This chapter will give you a short overview, how Ethereal is working.

The following will give you a simplified overview of Ethereals function blocks:

The function blocks in more detail: GTK 1/2 Handling of all user input/output (all windows, dialogs and such). Source code can be found in the gtk directory. Core Main "glue code" that holds the other blocks together, source code can be found in the root directory. Epan Ethereal Package ANalyzing (XXX - is this correct?) the packet analyzing engine, source code can be found in the epan directory. Protocol-Tree - Keep data of the capture file protocol information. Dissectors - The various protocol dissectors in epan/dissectors. Plugins - Some of the protocol dissectors are implemented as plugins, source code at plugins. Display-Filters - the display filter engine at epan/dfilter. Capture Capture engine. Wiretap The wiretap library is used to read/write capture files in libpcap and a lot of other file formats, the source code is in the wiretap directory. Win-/libpcap (not part of the Ethereal package) The platform dependant packet capture library, including the capture filter engine. That's the reason why we still have different display and capture filter syntax, as two different filtering engines used.

Capturing will take packets from a network adapter, and save them to a file on your harddisk. To hide all the lowlevel machine dependant details from Ethereal, the libpcap/WinPcap (see ) library is used. This library provides a general purpose interface to capture packets from a lot of different network interface types (Ethernet, Token Ring, ...).

Ethereal can read and write capture files in it's natural file format, the libpcap format, which is used by many other network capturing tools, e.g. tcpdump. In addition to this, as one of it's strengths, Ethereal can read/write files in many different file formats of other network capturing tools. The wiretap library, developed together with Ethereal, provides a general purpose interface to read/write all the file formats. If you need to add another capture file format, this is the place to start.

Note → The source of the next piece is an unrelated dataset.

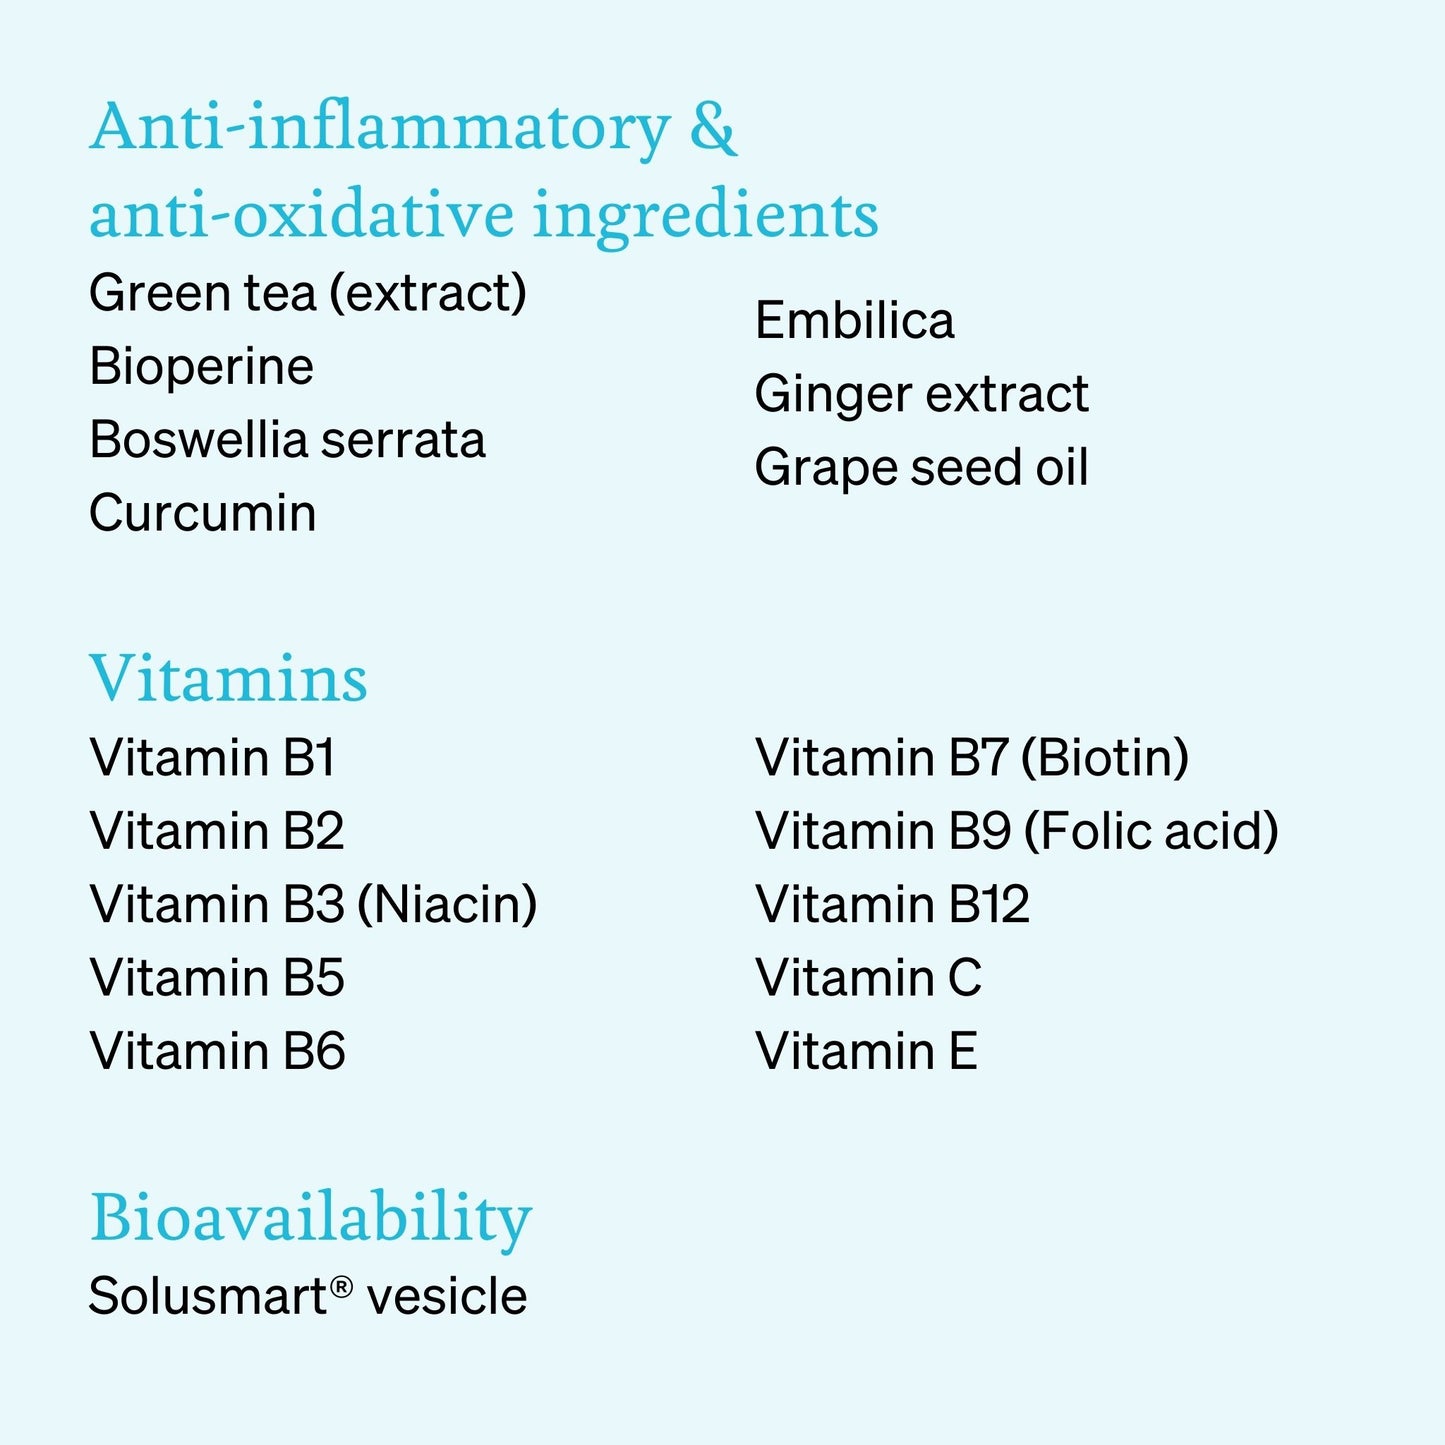 iüVitalizer ingredients by category

While Ethereal is loading packets from a file, each packet is dissected. Ethereal tries to detect what kind of packet it is and getting as much information from it as possible. In this run, only the information showed in the packet list pane is needed though. As the user selects a specific packet in the packet list pane, this packet will be dissected again. This time, Ethereal tries to get every single piece of information and put it into the packet details pane then.